FFA levels in late-stage patients (tumour-node-metastasis (TNM) stages III-IV) were higher than those in early-stage patients (TNM stages I-II) (P=0.02). The FFA levels in CRC patients were higher than those in controls of all ages, those younger than 50 years, males and females (P<0.001), and this difference was larger for patients younger than 50 years and females than for ability in female and younger patients with CRC. FFA levels may have a potential role in triage screening of early CRC.

Medication error is one of the most common medical errors in the practice of modern medicine. Among cancer patients receiving chemotherapy, medication errors can be potentially harmful given the narrow therapeutic index, complex dosing, and toxic nature of anti-cancer drugs.

This study aimed to determine the incidence and factors associated with medication errors among cancer patients.

The study was a prospective observational study carried out at the cancer unit of Mbarara Regional Referral Hospital, Southwestern Uganda. The study included 110 participants, both adults and children receiving chemotherapy. The study was carried out for a period of five months from January to May 2020. A checklist was used to collect patient, medication, and disease information to identify the prescription, transcription, dispensing, and administration errors.

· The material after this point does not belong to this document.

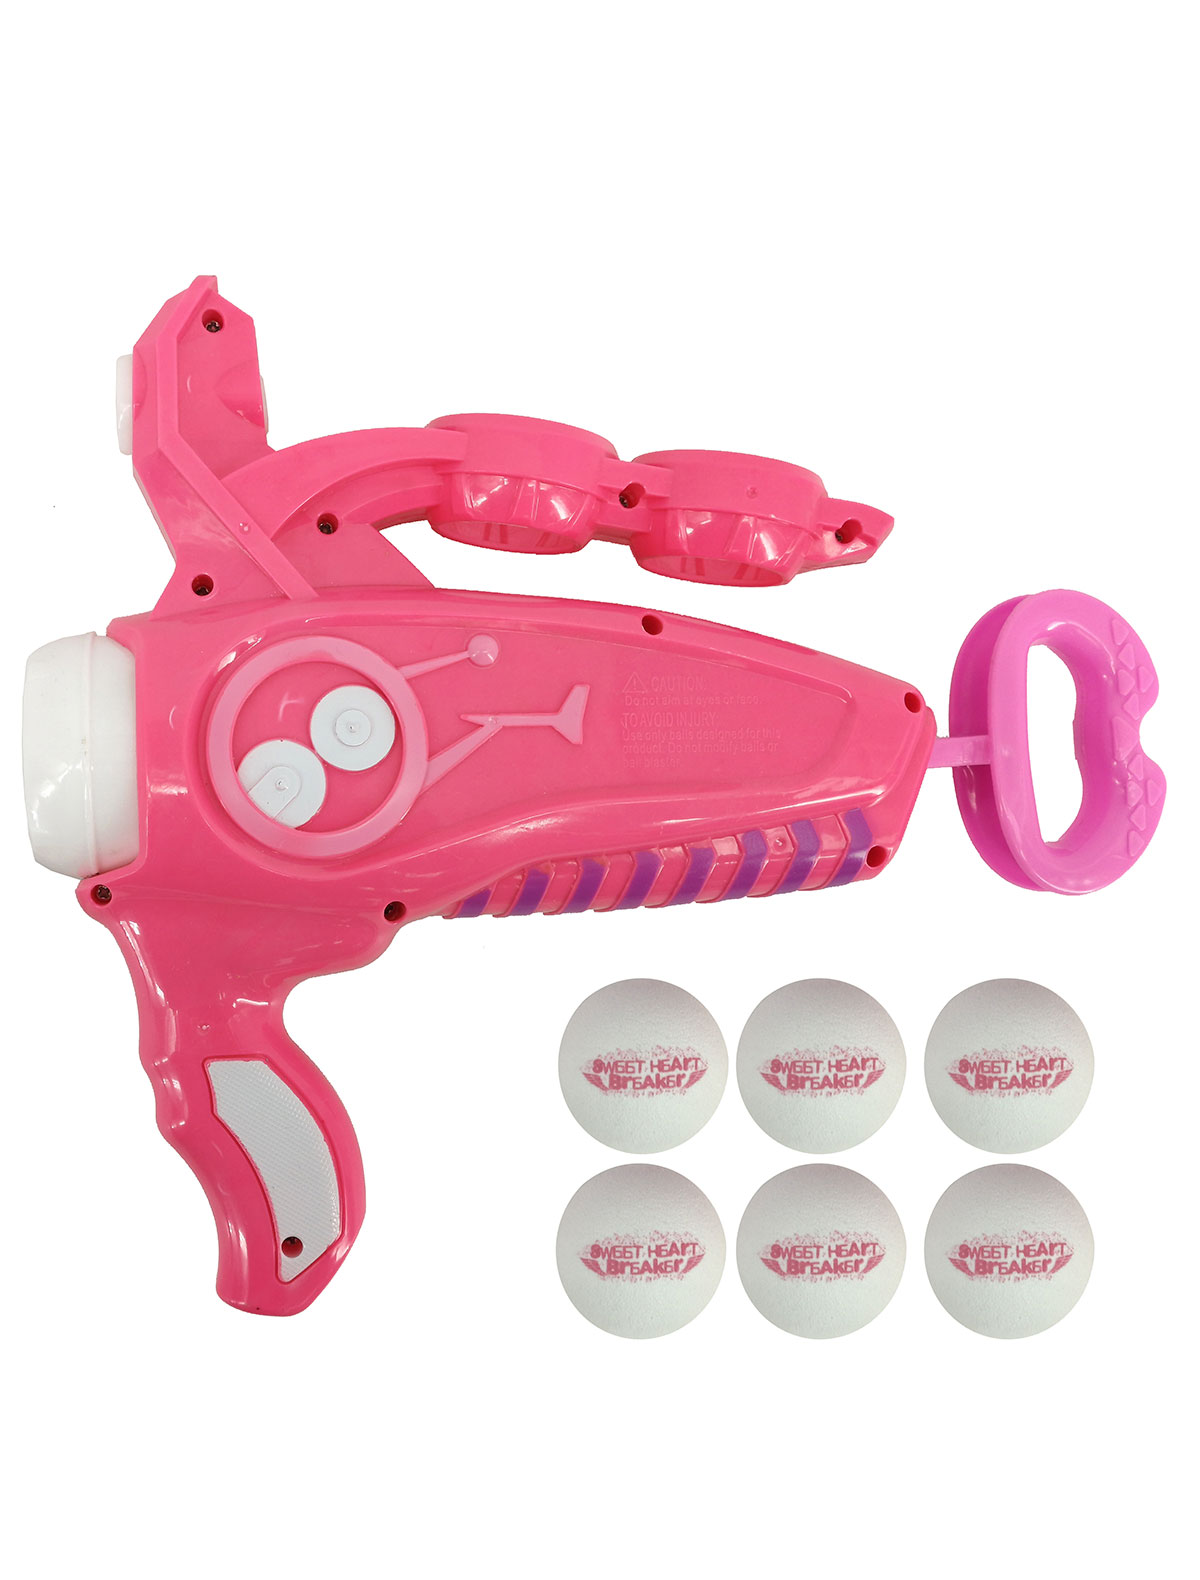 2213443, Игрушка Toy Target, розовый, 7134529071654  - купить со скидкой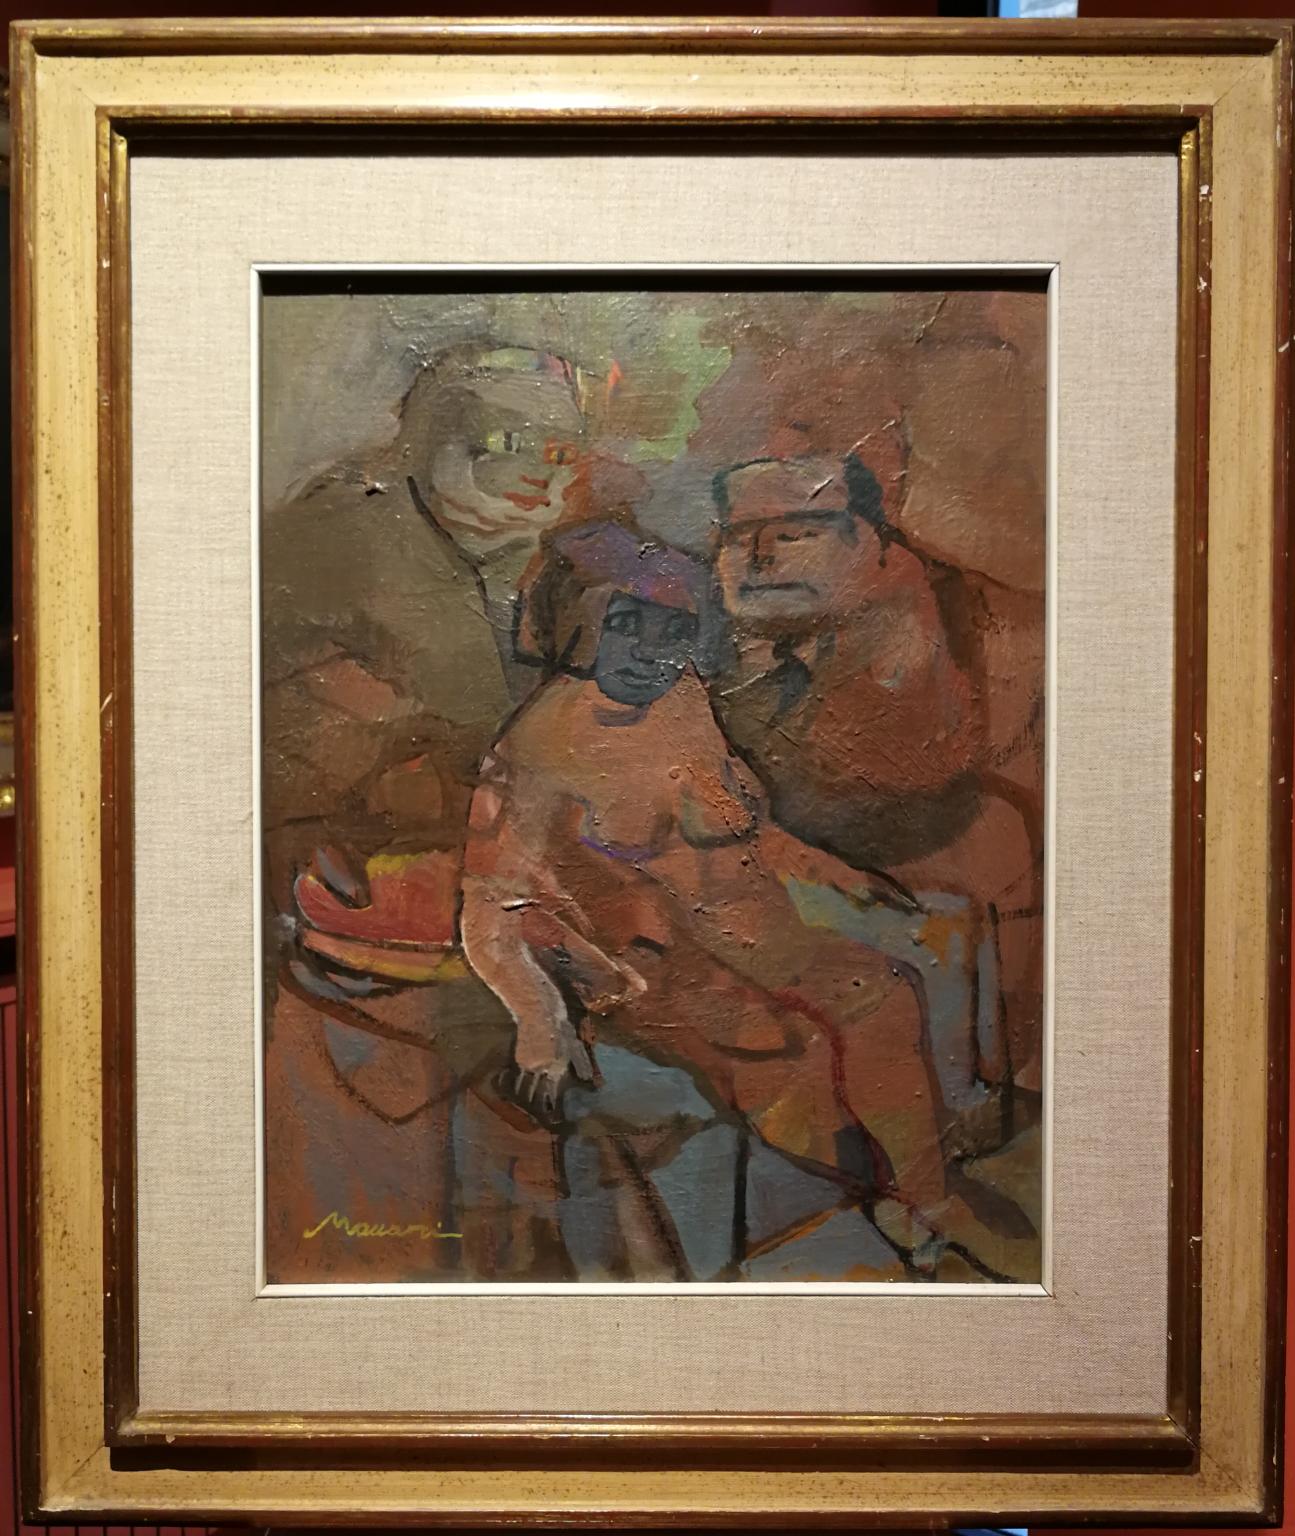 Postimpressionistisches figuratives Gemälde in Öl auf Leinwand, signiert von M. Maccari, 1956 (Post-Impressionismus), Painting, von  Mino Maccari

Of the 110 participants, 52 (47.3%) experienced a total of 78 medication errors (MEs). Of these, 33 (42.31%) were prescription errors, 29 (37.18%) administrationferral Hospital. Prescription errors were the most common type of error followed by administration errors, and dispensing errors were the least common. Residence, education level, and alkylating agent chemotherapy were significantly associated with occurrence of medication errors.

This study aimed to assess the effectiveness of a psycho-education intervention programme in improving the coping strategies of Jordanian breast cancer patients.

A double-blinded randomised control trial involving 200 participants between the ages of 20 to 65 years old breast cancer patients was performed. Apart from those who refused participation, patients with chronic diseases and extreme baseline depression scores were also excluded. Lusutrombopag The control group received standard care twice a week from the social welfare services team facilitator compared to the intervention group that received additional psycho-education intervention programme (PEIP). The coping strategies were measured using the Brief-COPE inventory consisting of 28 items. It was administered on the second and 12th week of trial. The primary end point was compared between pre- and post-intervention. The effect of the intervention between groups, time, and covariates was measured using the generalised linear mixed model (GLMM) analysis.

The mean (SD) of adaptive coping score among the intervention group increased from 5.